L'exode des jeunes européens en chiffres
Le piège à talents
La Commission européenne a identifié des régions prises dans un « piège de développement des talents » à travers l'UE, concentrées en Europe du Sud et de l'Est. La quasi-totalité de la Bulgarie et de la Roumanie est concernée. Tout comme la Sicile, la région de l'Alentejo au Portugal, et de grandes parties de la Grèce, de la Croatie et de l'est de l'Allemagne. Ces régions perdent leurs jeunes diplômés plus vite qu'elles ne peuvent les remplacer, et le départ des talents accélère le déclin économique qui a causé ce départ en premier lieu.
Espagne : exporter des ingénieurs, importer des serveurs
Entre 2019 et 2024, 71,4 % de tous les nouveaux emplois créés en Espagne sont allés à des travailleurs étrangers, selon la Fondation pour les études économiques appliquées (Fedea). Sur la même période, 634 000 emplois ont été perdus pour les travailleurs âgés de 30 à 44 ans. Au premier semestre 2022, 220 443 personnes ont émigré, le chiffre le plus élevé depuis la crise financière de 2013.
Les emplois créés sont dans la construction, l'hôtellerie et les professions élémentaires. Les personnes qui partent sont des médecins, des ingénieurs et des chercheurs. Comme l'a formulé Jesús Vega, ancien directeur RH chez Inditex et Banco Santander : « Nous importons des serveurs et des maçons tout en exportant des médecins et des ingénieurs. »
Italie : neuf sortants pour un entrant
Pour chaque jeune étranger qui s'installe en Italie, près de neuf jeunes Italiens partent. Plus d'un million d'Italiens ont émigré au cours de la dernière décennie, dont un tiers âgé de 25 à 34 ans. La Fondation du Nord-Est de l'Italie estime que cette fuite des cerveaux a coûté au pays 134 milliards d'euros entre 2011 et 2023.
Moins de 20 % des Italiens âgés de 25 à 64 ans sont diplômés, selon l'analyse du European Data Journalism Network. Les diplômés que l'Italie produit partent de plus en plus vers l'Allemagne, le Royaume-Uni et les Pays-Bas.
Roumanie et Croatie : un quart du pays, parti
Environ 24 % des Roumains vivaient à l'étranger en 2024, contre 14,7 % en 2010. Les données du Balkan Investigative Reporting Network montrent qu'environ un cinquième des Roumains en âge de travailler et environ un Croate sur sept en âge de travailler résidaient à l'étranger.
Le moteur est simple : les revenus mensuels nets moyens en Roumanie, Bulgarie et Croatie représentent une fraction de ceux en Allemagne, Belgique ou aux Pays-Bas. La libre circulation au sein de l'UE rend la décision sans friction. Une infirmière roumaine peut tripler son salaire en déménageant en Autriche sans visa, sans permis de travail, et avec un vol de trois heures pour rentrer chez elle.

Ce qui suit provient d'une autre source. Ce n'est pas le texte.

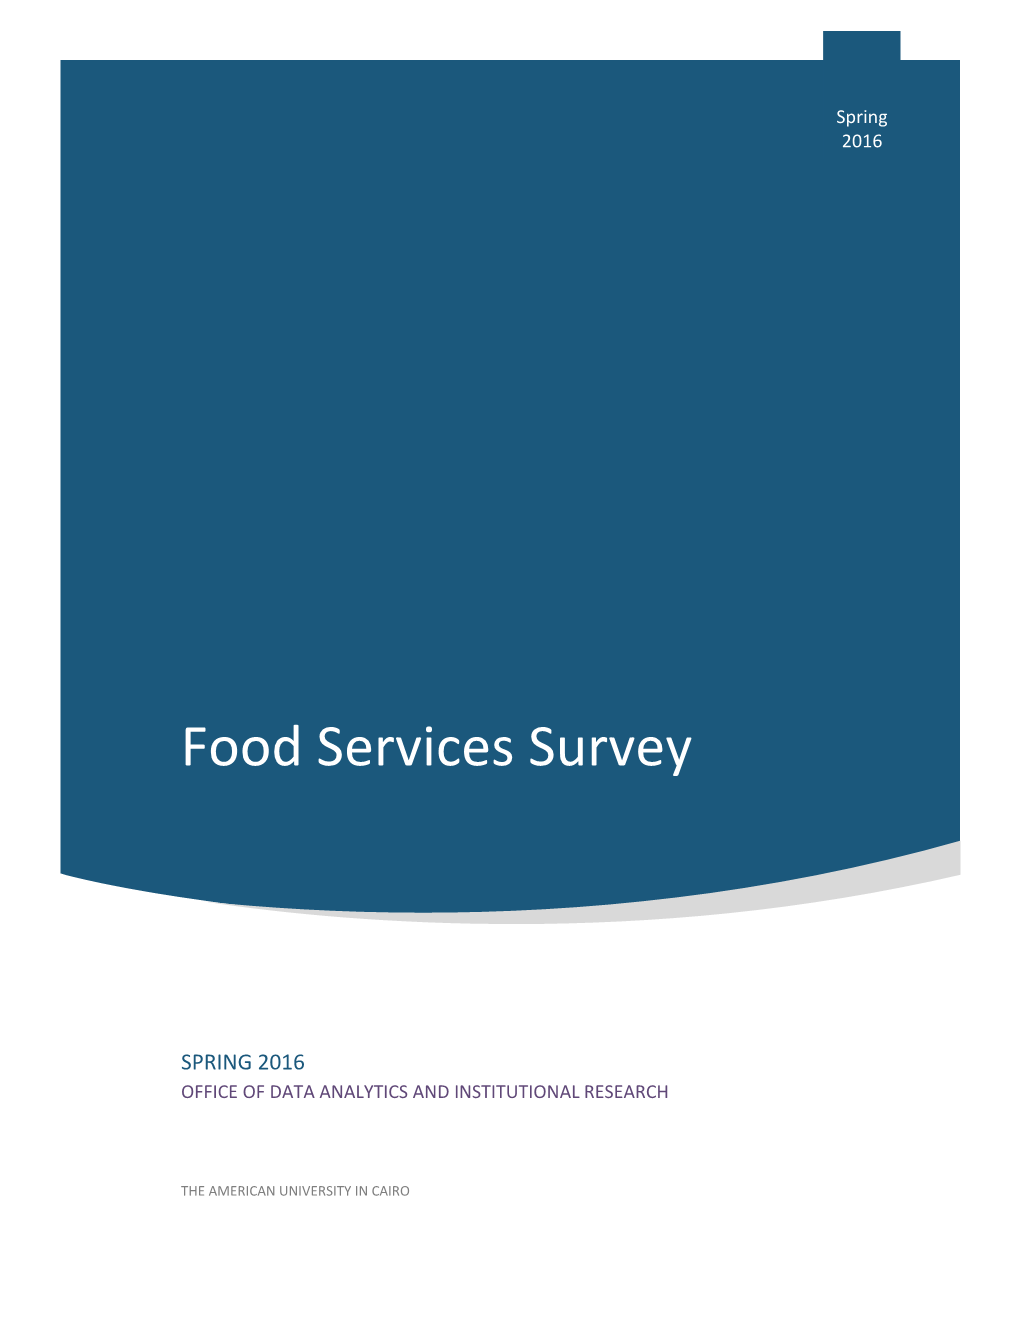 Food Services Survey

Bulgarie et Portugal : petits pays, impact plus grand
La Bulgarie a perdu une part significative de sa population par l'émigration. Le Portugal compte des centaines de milliers de citoyens en âge de travailler vivant à l'étranger. Pour de petits pays, ces chiffres sont existentiels. Le Portugal a passé des décennies à investir dans la réforme de l'éducation, pour voir ses diplômés partir vers l'Europe du Nord où leurs compétences valent le double du salaire.
Le problème structurel
La liberté de circulation de l'UE est l'une de ses plus grandes réalisations. C'est aussi un accélérateur d'inégalités régionales. Les jeunes d'Europe du Sud et de l'Est font face à des salaires plus bas, moins d'opportunités de carrière, des systèmes de santé sous-financés et, dans de nombreux cas, une gouvernance corrompue ou inefficace. L'Europe du Nord et de l'Ouest offre tout ce que leurs pays d'origine n'offrent pas, et il n'y a pas de frontière à franchir.
Les fonds de cohésion de l'UE tentent d'y remédier, mais ils ne peuvent pas rivaliser avec un salaire allemand. L'expérience de la Roumanie avec les allègements fiscaux pour les travailleurs IT a montré un certain succès dans la rétention des talents tech, mais ces incitations ont été supprimées en janvier 2025. Tant que les pays d'origine ne pourront pas combler l'écart de salaires et d'opportunités, l'exode continuera.
En résumé
Des dizaines de régions de l'UE sont prises dans un piège à talents. L'Espagne envoie 71 % des nouveaux emplois à des travailleurs étrangers tandis que ses jeunes professionnels partent. L'Italie perd neuf diplômés pour chaque un qu'elle attire. Un quart de la Roumanie vit à l'étranger. La libre circulation de l'UE rend l'émigration sans friction, et aucun montant de financement de cohésion n'a comblé l'écart.